4. L'appelante, qui succombe, sera condamnée aux frais de la procédure d'appel (art. 106 al. 1 CPC).

Les frais judiciaires seront arrêtés à 1'200 fr. (art. 13, 17 et 35 RTFMC) et compensés avec l'avance versée par ses soins, acquise à l'Etat de Genève (art. 111 CPC).

Les dépens dus aux intimés seront fixés à 1'500 fr., compte tenu de l'activité déployée par leur conseils respectifs (art. 23 al. 1 LaCC; art. 84, 85, 87 et 90 RTFMC), débours et TVA inclus (art. 25 et 26 LaCC).

* * * * *


PAR CES MOTIFS,
La Chambre civile :

A la forme :

Déclare recevable l'appel interjeté par A______ SA contre le jugement JTPI/2571/2025 du 17 février 2025 dans la cause C/425/2024.

Au fond :

Confirme le jugement entrepris.

Déboute les parties de toutes autres conclusions.

Sur les frais :

Arrête les frais judiciaires d'appel à 1'200 fr., les met à la charge de A______ SA et les compense avec l'avance de frais de même montant versée par celle-ci, qui demeure acquise à l'Etat de Genève.

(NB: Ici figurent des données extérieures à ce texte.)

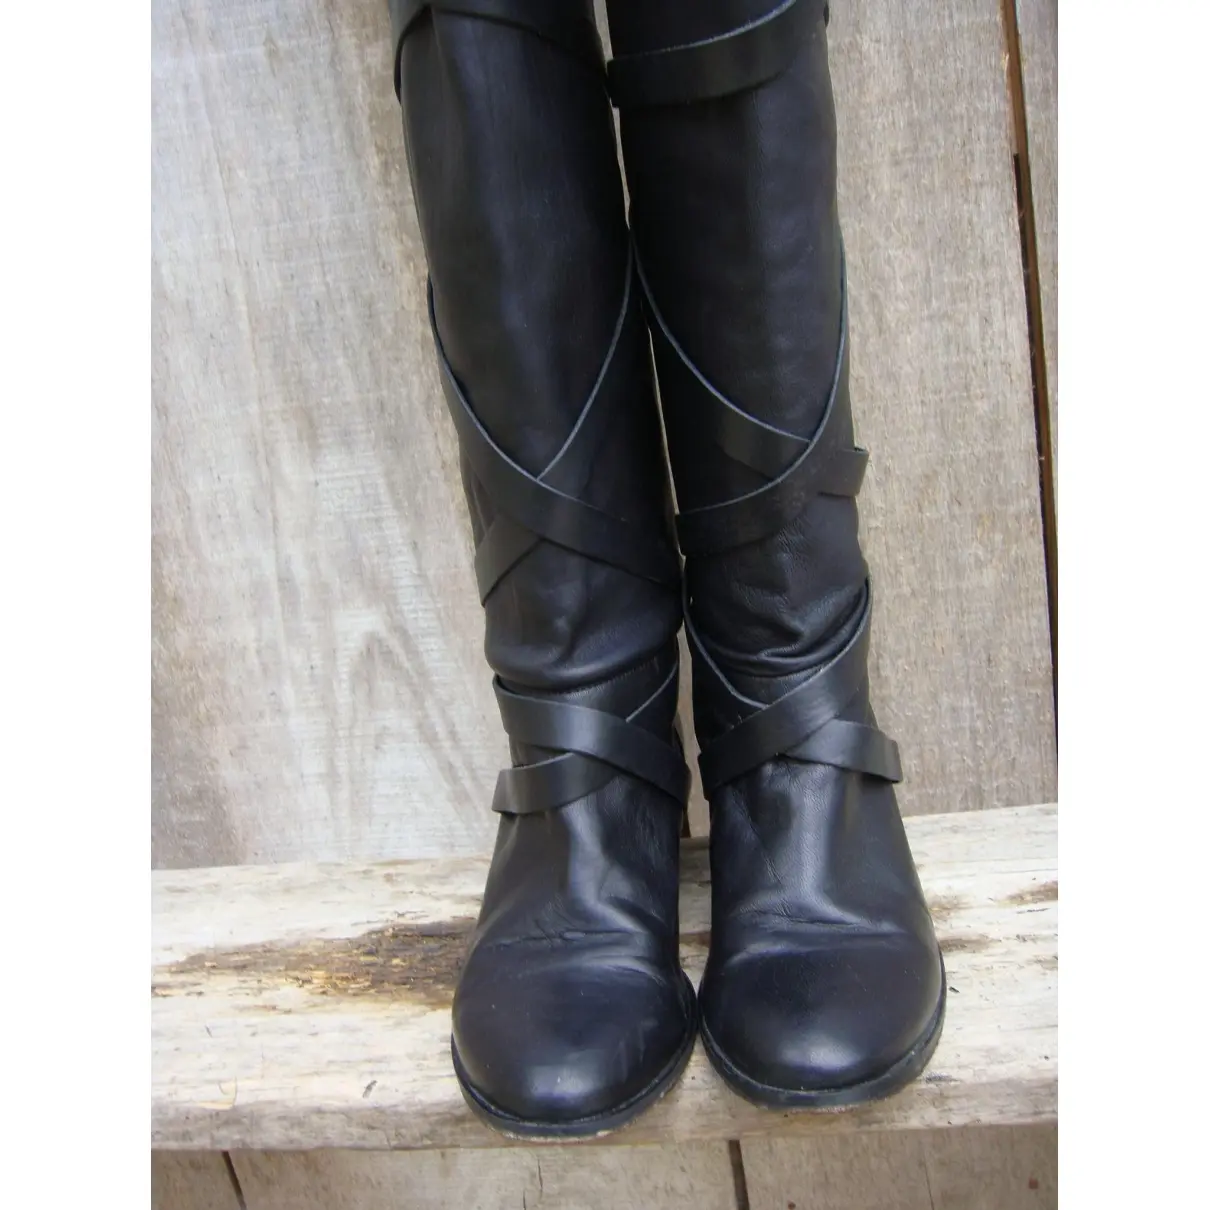 Buy Les Petites Leather boots online

Condamne A______ SA à verser à C______ et D______, pris solidairement, 1'500 fr. au titre des dépens d'appel.

Siégeant :

Madame Stéphanie MUSY, présidente; Monsieur Cédric-Laurent MICHEL et Madame Paola CAMPOMAGNANI, juges; Madame Sophie MARTINEZ, greffière.

 

 

 

 

 

 

 

Indication des voies de recours :

 

Conformément aux art. 72 ss de la loi fédérale sur le Tribunal fédéral du 17 juin 2005 (LTF; RS 173.110), le présent arrêt peut être porté dans les trente jours qui suivent sa notification avec expédition complète (art. 100 al. 1 LTF) par-devant le Tribunal fédéral par la voie du recours en matière civile.

 

Le recours doit être adressé au Tribunal fédéral, 1000 Lausanne 14.

 

Valeur litigieuse des conclusions pécuniaires au sens de la LTF supérieure ou égale à 30'000 fr.